We use it at https://iotsky.io/ for all backend interaction with aws IoT.

Wrote a blog post about it too: https://medium.com/@iotsky/how-we-built-the-iotsky-backend-u...

gingerlime · on Nov 20, 2016

I wrote Gimel[0] - an A/B testing backend using Labmda and Redis (it can also work with Google BigQuery w/Kinesis).

It's used in production for a few months now and we're really happy with it. It provides a negligible-cost replacement to Optimizely for us.

[0] https://github.com/Alephbet/gimel

djhworld · on Nov 20, 2016

It has been good for us, although our use case has mainly been ETL pipelines which seems quite a good fit, especially when you connect it up to Kinesis Firehose/Kinesis or S3 notifications.

The main issue we've seen is, even at the "top" tier (1536mb) the CPU performance doesn't seem very good, it's difficult to tell as they abstract you away from what is actually going on under the hood.

Main advantages: easy to deploy, no infrastructure worries if your problem fits, event based triggers means you don't have to write any of that code, fits well in the AWS ecosystem.

I've seen people making serverless websites and things like that, but I'm not convinced Lambda is a good fit for such a thing (happy to be proven wrong)

pnathan · on Nov 20, 2016

Didn't get to prod. Looked at it around Juneish 2016. High error rates, no SLA, slow boot times, no tooling, deeply inadequate logging.

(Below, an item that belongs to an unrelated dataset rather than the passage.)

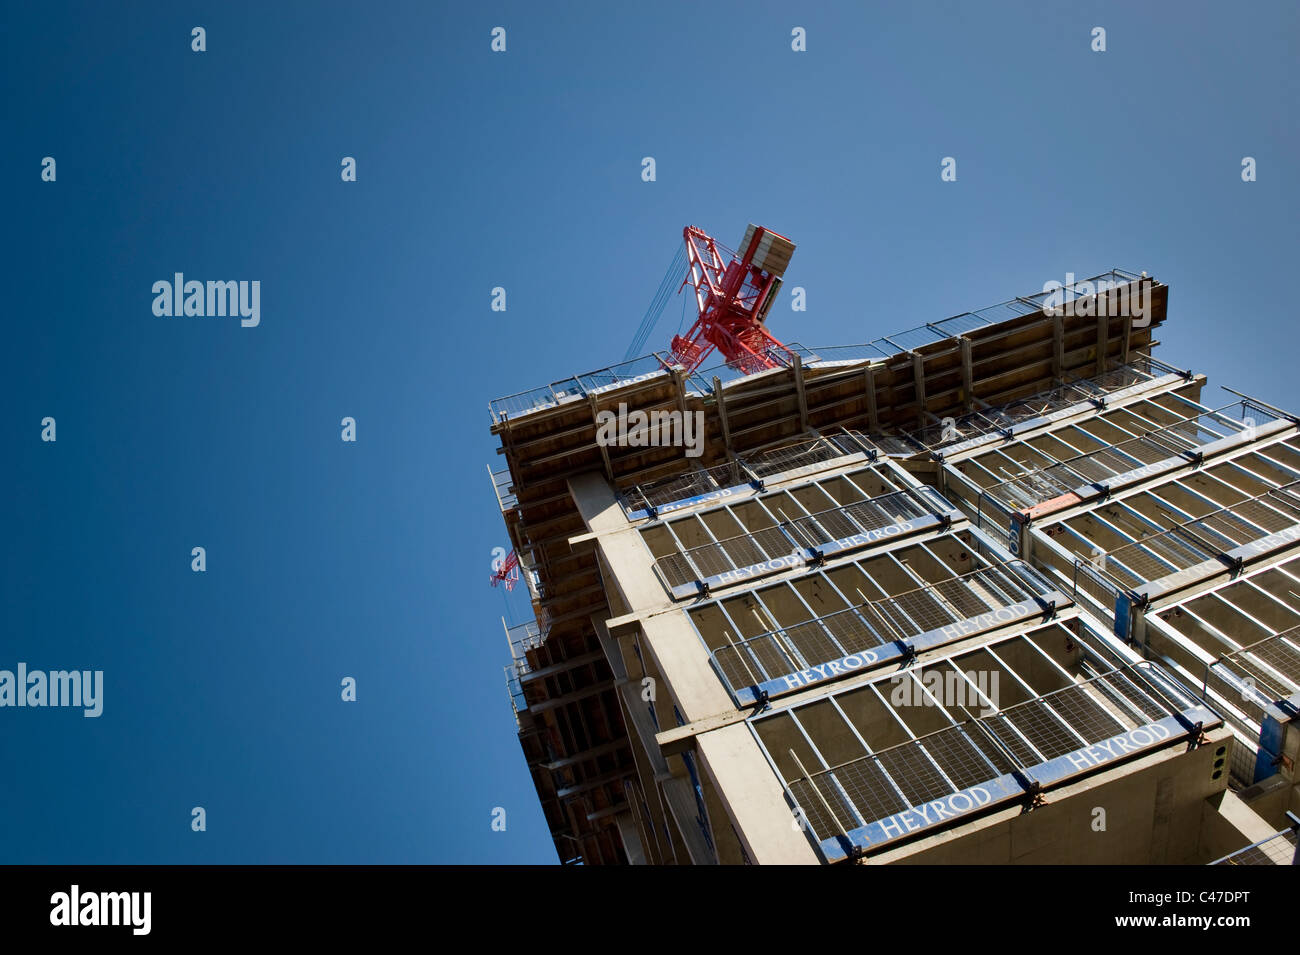 A building in construction by the company Heyrod, shot with a crane against a clear blue cloudless sky. Stock Photo

My technical recommendation is as follows: "No".

discodave · on Nov 21, 2016

What about the logging is inadequate? CloudWatch Logs seems to work pretty well.

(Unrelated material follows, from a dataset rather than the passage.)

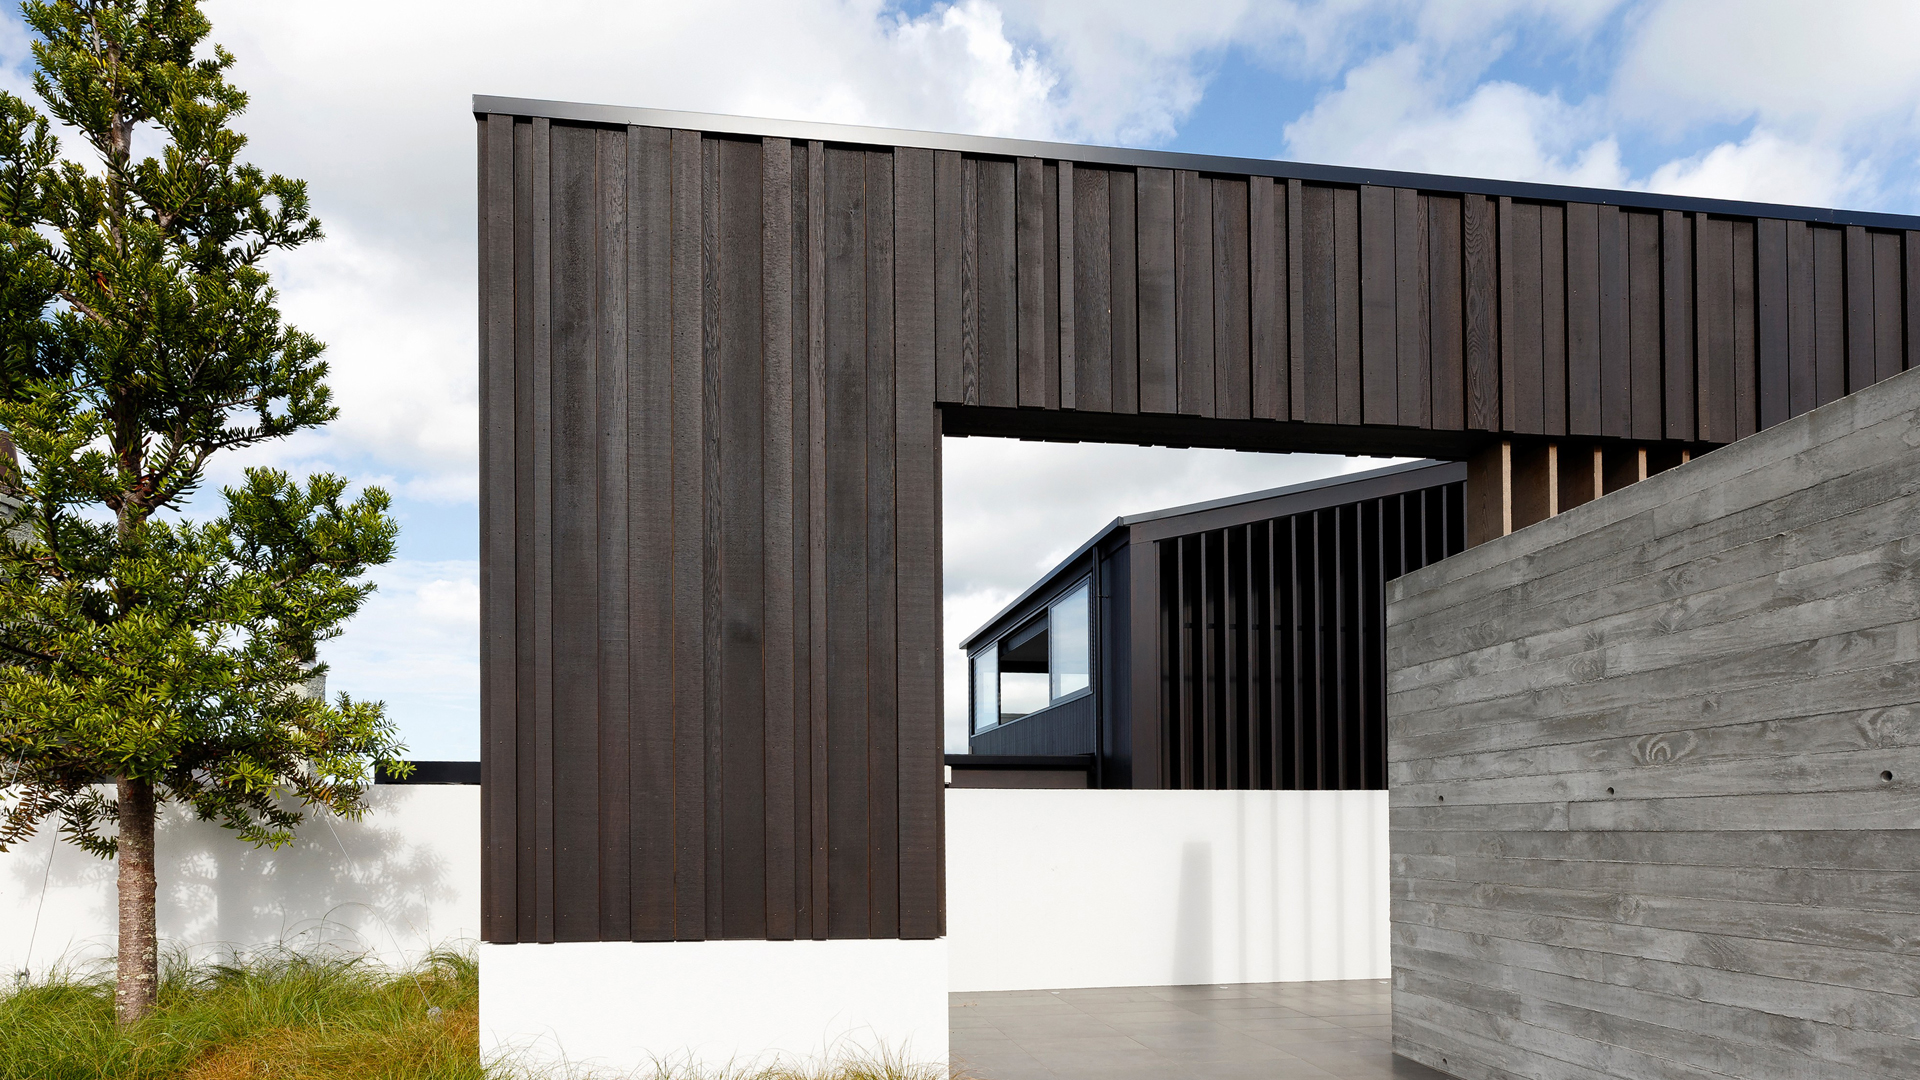 Northcote Point designed by Matz Architects

iwintermute · on Nov 21, 2016

Not the original poster, but IIRC cloud watch improved a lot in recent months - before that web interface was kinda hard to use with all the log streams, right now it's much easier to search for some event for example (time brackets were added, auto-loading of previous event if I'm not mistaking)

pnathan · on Nov 22, 2016

Compared to, e.g., kibana, splunk, or `cat`, I find it effectively useless. The UI is ... ungood.

aleem · on Nov 20, 2016

It works remarkably well if you use a development toolchain (serverless and claudia are both good though I prefer the latter).

My only gripe is that API Gateway (APIG) charges $3.5 per million requests and there is no other way to invoke lambda functions over HTTP. Had to scale back my micro-service ambitions because of this.

hayd · on Nov 20, 2016

Hmmmm, I know it seems ridiculous but I wonder if it would it be cheaper to just spool up an ec2 machine and async invoke the lambda call e.g. via boto?

It seems like APIG has a boat load of features, which is great... but they are mostly unused.

hayd · on Nov 21, 2016

potentially I'm looking for something like this (to proxy_pass to a lambda function with nginx) https://github.com/washingtonpost/nginx-aws-lambda

realcoopernurse · on Nov 21, 2016

I wrote a AWS Lambda plugin for the Caddy web server which can take the place of API Gateway.

https://caddyserver.com/docs/awslambda

LePetitDev · on Nov 21, 2016

I use Lambda in production as a replacement for a cron server. So far, all it does is keep my cache warm. So far, no complaints. It was actually TJ Holowaychuk's blog posts on his use of Lambda that got me to give it a shot.